Francisco Gomes Neto: Hi Nelson. Good morning. Thank you for the question. Well, the historical target in the past, if you look back a few years, it used to be about 15% at Embraer. But now our projection for the next few years is to grow considerably and defense will keep up with that growth. There’s been plenty of sales of KCs, Super Tucano as well as other products in defense. We don’t really have a percentage target or share for each one, but I would imagine that it will tend to remain at the 15% which is the historical share in defense. It should grow with the other divisions in the company.

Operator: Thank you. The next question is also from Nelson [indiscernible]. He says, what are the prospects for Atech, a subsidiary of the Defense division. It currently makes radars and naval contractors of the nuclear submarine and the Tamandaré ship.

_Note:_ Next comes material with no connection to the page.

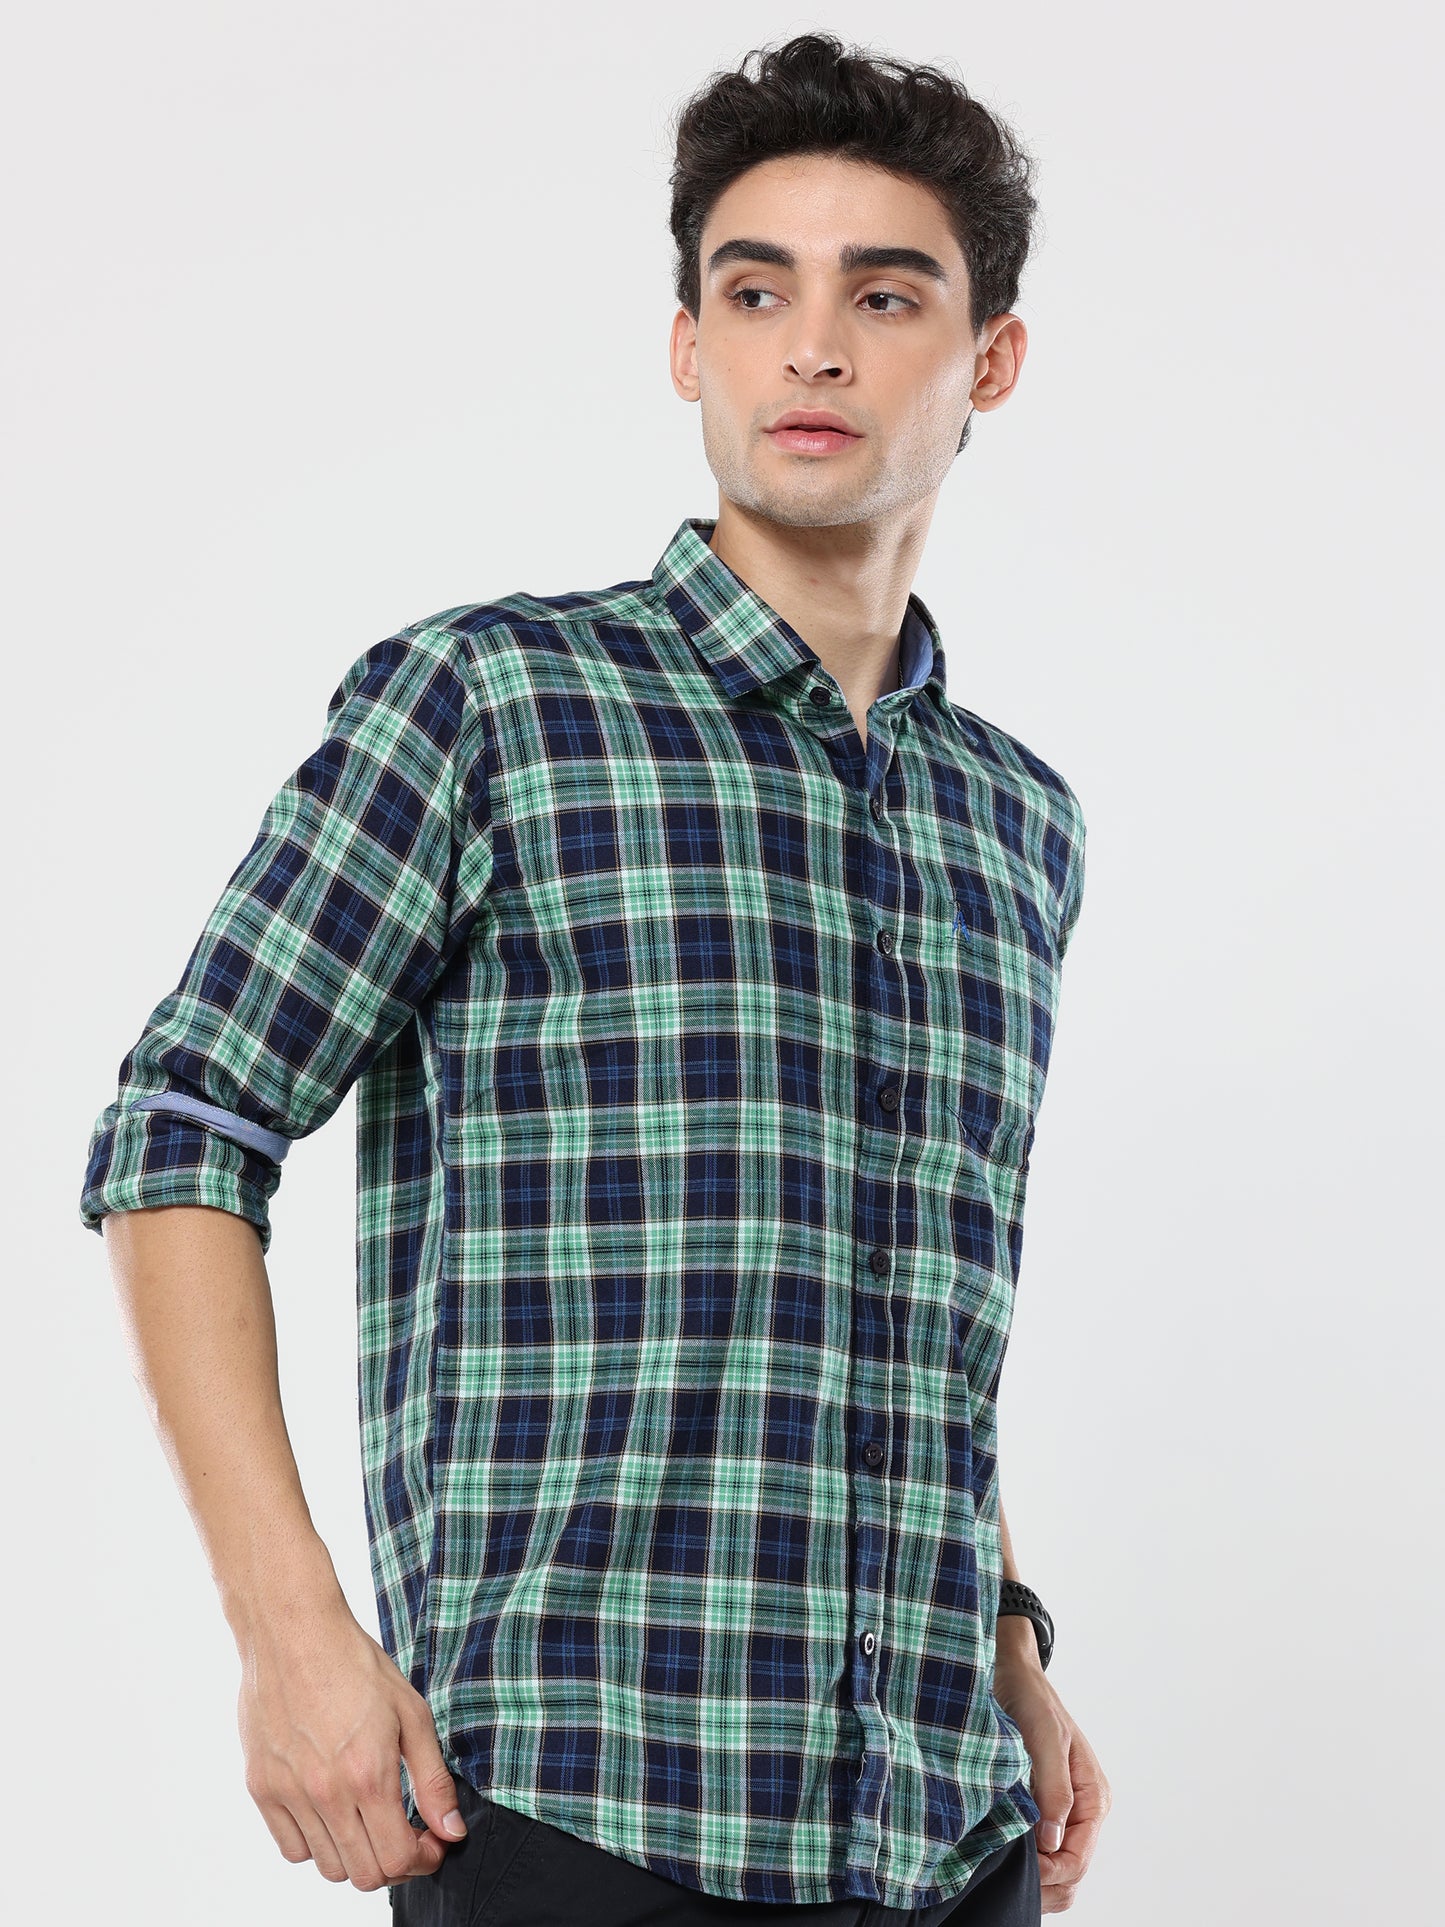 Green Blue plaid checks shirt for men

Francisco Gomes Neto: Wow, Nelson, you’re very well informed when it comes to defense. Well, our focus on financial discipline, efficiency and innovation also goes to our subsidiaries, Atech is a 100% Embraer. Atech has been showing considerable improvements in its performance both in terms of growth and revenue. Last year Atech deliver an EBITDA of 18%, which is fantastic performance and it’s been growing. So we have high hopes for new businesses, including vector, which is the new Atech product to support the eVTOLs operation.

Operator: Thank you. The next question is from Pablo Diaz.

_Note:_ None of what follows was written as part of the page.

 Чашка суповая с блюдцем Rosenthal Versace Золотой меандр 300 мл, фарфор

Unidentified Analyst: Any advances on the LOI E195-E2 from Aerolíneas Argentinas? Would you prefer, do you think that will become a firm order after the change in the government?

Francisco Gomes Neto: Well, thank you for your question. Before the government change, we had made considerable progress in our negotiations to replace the old E1s by E2s in Aerolíneas Argentinas. Now with the change in government that process has been interrupted and we’re waiting. We believe E2 to be the best solution to replace E1s in other markets as well as that of Argentina. So right now we’re just waiting.

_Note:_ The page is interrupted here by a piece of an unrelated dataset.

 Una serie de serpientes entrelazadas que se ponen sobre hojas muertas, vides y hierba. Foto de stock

Operator: Thank you. [Operator Instructions] The next question is from [indiscernible]. Please go ahead. Mr. Martins.

Unidentified Analyst: Hello everyone. First of all, congratulations on Embraer’s results. I have a question. Can you hear me? Okay.

Francisco Gomes Neto: Yes, please go ahead, Carlos.

Unidentified Analyst: Great. You announced the material fact about freezing the E2 aircraft. I’d like to hear about the certification, considering that four years from now, you’re going to resume that project, does Embraer have a specific date for its certification? And also considering the question about the U.S. do you have any prospects of the 190 or 195E2 for that market as well?

Francisco Gomes Neto: About E175-E2? It has already flown. We have had a test flight with that aircraft. We’re just delaying the conclusion of the development because the U.S. market is still closed for that market due to the scope clause. Because the E175-E2 does not meet the scope clause. That’s the only reason why, once we realize that there will be a change to the scope clause that will become more flexible, then we will resume that project. And we believe certification could take place in a short period of time. A few years, only because the aircraft is practically ready. So we just need to conclude some developments, some of which are quite important, but we don’t really have a deadline, we don’t have a set date to tell you how long after we resume the project the aircraft will be certified. There’s something else. I think you can support me with the answer. What is it?

Unidentified Analyst: I asked about your prospects to sell E190 and E175-E2, which have already been certified to be sold in the U.S. okay.

Francisco Gomes Neto: We have great prospects, Carlos. We’re already working on it. We’re not allowed to disclose it yet, but we are working with some American airlines and showing them the benefits of having an aircraft the size of E195, especially A2 for regional flights and the [indiscernible], the large ones. So we’re moving forward in convincing them. And we hope that in the next two years we should have some good news coming from North America for our E2s.

Operator: Thank you. This concludes the Q&A session and Embraer’s conference for today. Thank you very much for joining us and have a great day.